Russ Lorenson (born July 5, 1963, birth name Russ Gangloff) is an American singer and actor. Though a stage actor since childhood, Lorenson more recently established a reputation as an interpreter of jazz standards. With a retro crooner style, Lorenson's sound and approach are an amalgam of Broadway, jazz, and pop.

Early years
Born in Upland, Pennsylvania, just outside Philadelphia, Lorenson's career began as a youngster, making his stage debut at the age of seven. He continued singing and acting in the theatre throughout his early school years, moving with his family to San Diego, California when he was nine years old. At Patrick Henry High School he performed and toured with a classical vocal ensemble. He also gained experience as both a choral conductor and composer, winning a young artists' competition in his school district for his composition work.

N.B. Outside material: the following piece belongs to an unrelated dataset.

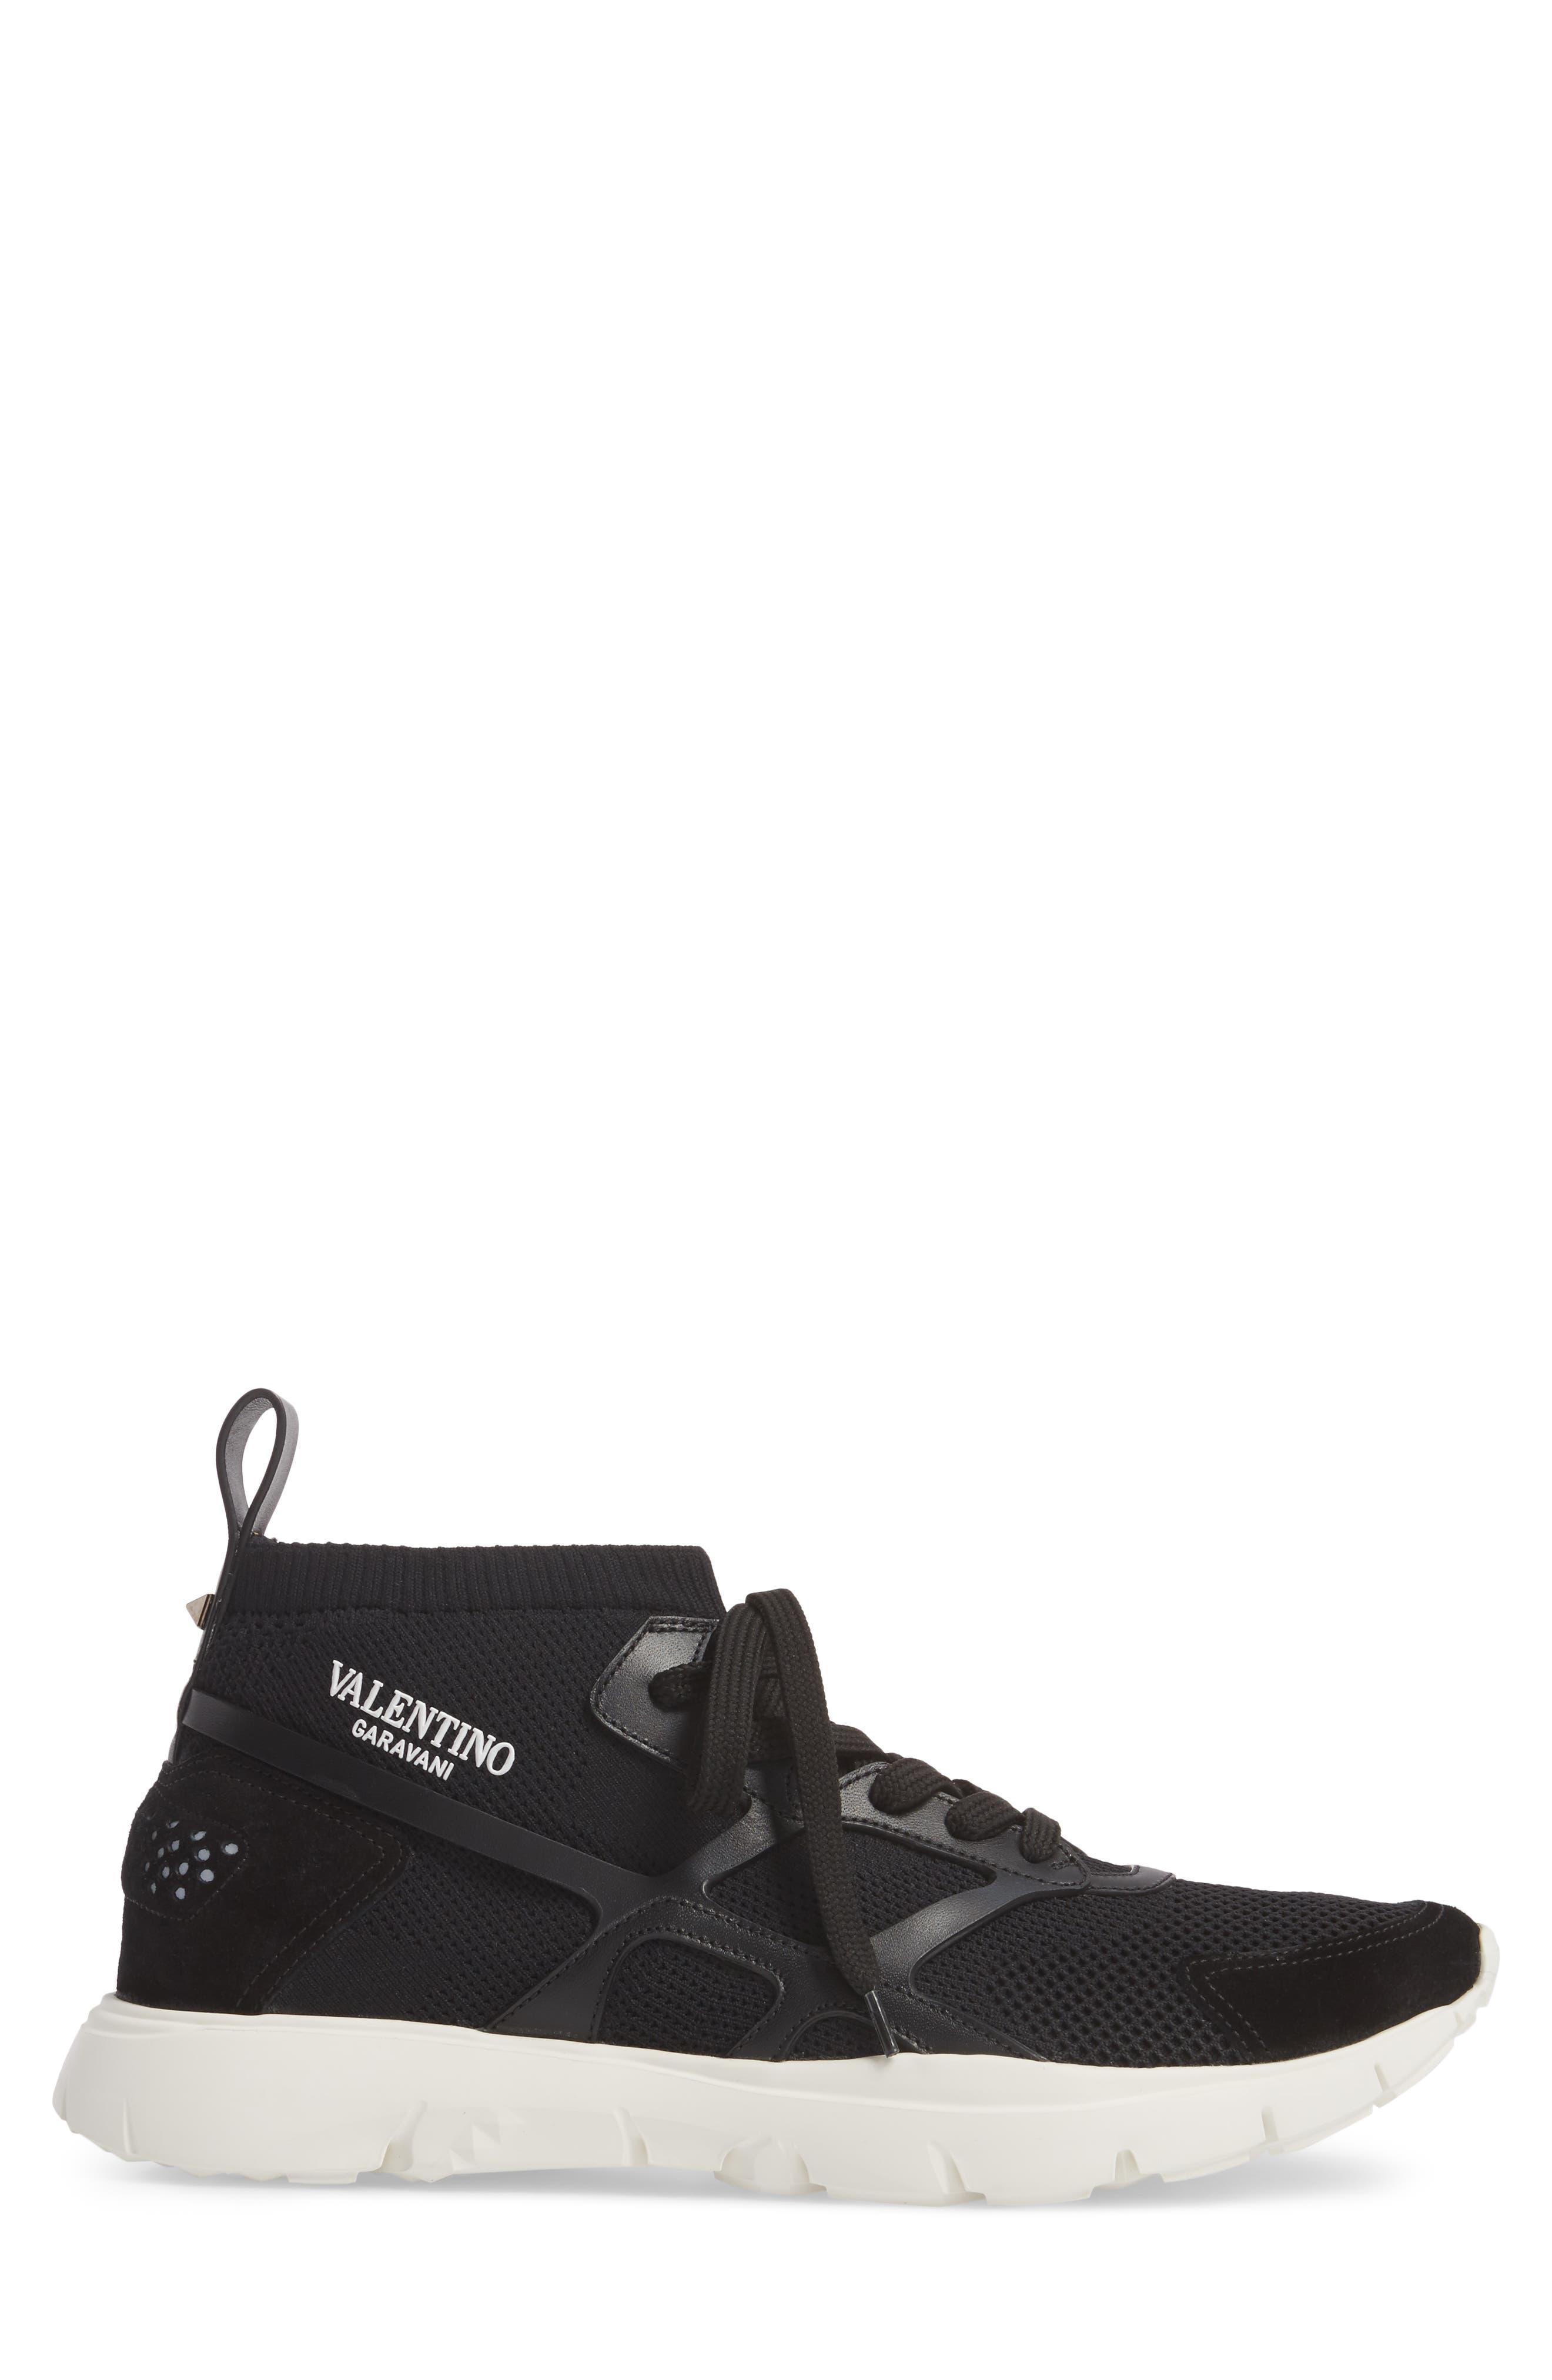 Sound High Sneaker,                             Alternate thumbnail 3, color,                             Nero

At 18 years old, he adopted the stage name of "Lorenson", in honor of his teacher and mentor, Loren Salter, who had helped Lorenson develop as a singer and actor throughout his teen years.

After college, he continued his work as a choral conductor and voice coach, working for five years as Associate Conductor of the California Youth Chorale, founded by Salter. He also returned to theatrical performing, appearing in musical productions with San Diego's Diversionary Theatre, Starlight Musical Theatre, and Lyric Opera San Diego.

Career detour
In the late 1990s, Lorenson took a major detour away from life on the boards. He moved to San Francisco to be close to the Silicon Valley scene and began working in start-ups. He traveled extensively in this period, and earned more than he had previously.

Back to the stage
Although continuing in high-tech, Lorenson found himself unfulfilled creatively after around ten years, and began exploring a return to performing. He began appearing with San Francisco's 42nd Street Moon, one of four theatre groups in the U.S. whose mission is to present staged concert revivals of 'lost' musicals from Broadway's Golden Age. He has appeared in their productions of Finian's Rainbow, Minnie's Boys, Cole Porter's Red, Hot & Blue!, and in 2006, he appeared in the company's first foray into opera, with their production of The Golden Apple.

In 2005, Lorenson left the corporate world. With his band, under the musical direction of jazz pianist Kelly Park, Lorenson quickly established a reputation as one of the San Francisco Bay Area's leading interpreters of jazz standards.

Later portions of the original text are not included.